La Sveva Pallacanestro, primeggiando nel girone A della Poule Retrocessione di Serie D, ha salvato la categoria a conclusione di un'annata molto travagliata.
"L’inizio è promettente - scrive, in un comunicato, la società lucerina -, ma dopo solo quattro gare cominciano ad arrivare i primi problemi che hanno portato, dalla metà del mese di ottobre fino alla fine del mese di febbraio, a dover affrontare più della metà della regular season con l’organico ridotto a causa degli innumerevoli infortuni, senza contare l’avvicendamento di tre allenatori, tutte cose che hanno caratterizzato e determinato pesantemente quella prima parte di stagione, chiusa comunque in sesta posizione in coabitazione con Rutigliano che, per la sola differenza canestri, ha scavalcato la Sveva nell’accesso ai playoff.

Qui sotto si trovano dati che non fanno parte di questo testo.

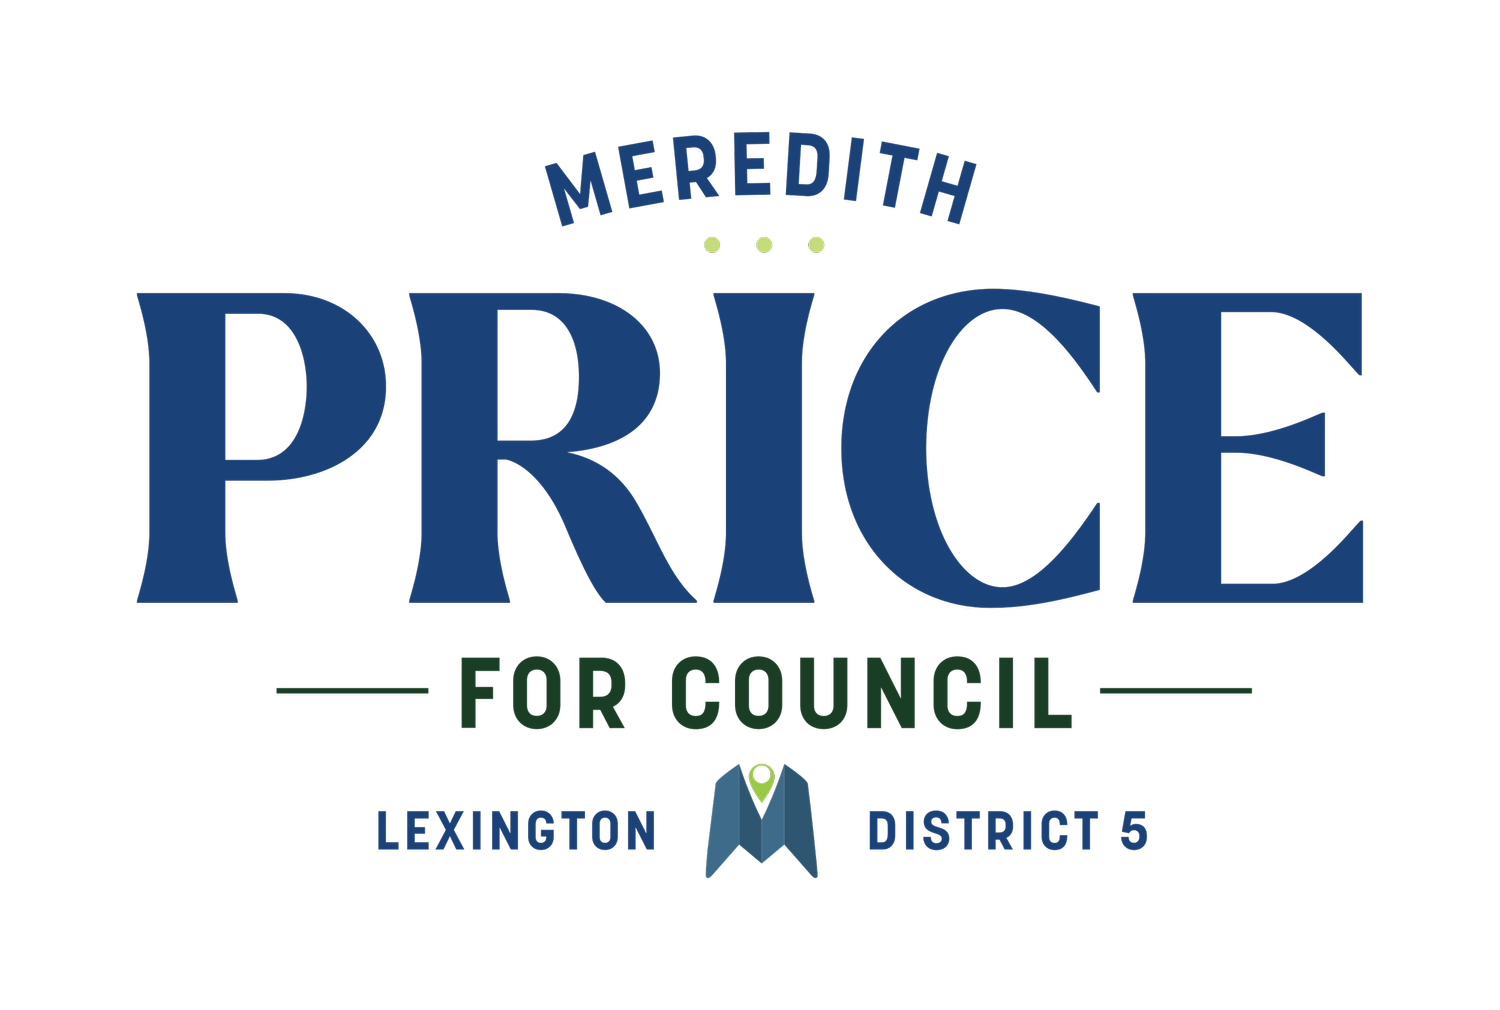 Meredith Price for Council

Sfumato l’obiettivo che ci eravamo prefissati ad inizio stagione, dovevamo affrontare i playout e quindi cercare di mantenere la categoria, cosa non facile viste le condizioni del roster. Alcuni interventi di mercato hanno permesso di sistemare le cose e con una Poule Retrocessione tutt’altro che scontata, siamo riusciti con ben due giornate di anticipo a salvare la categoria chiudendo al primo posto del mini girone salvezza".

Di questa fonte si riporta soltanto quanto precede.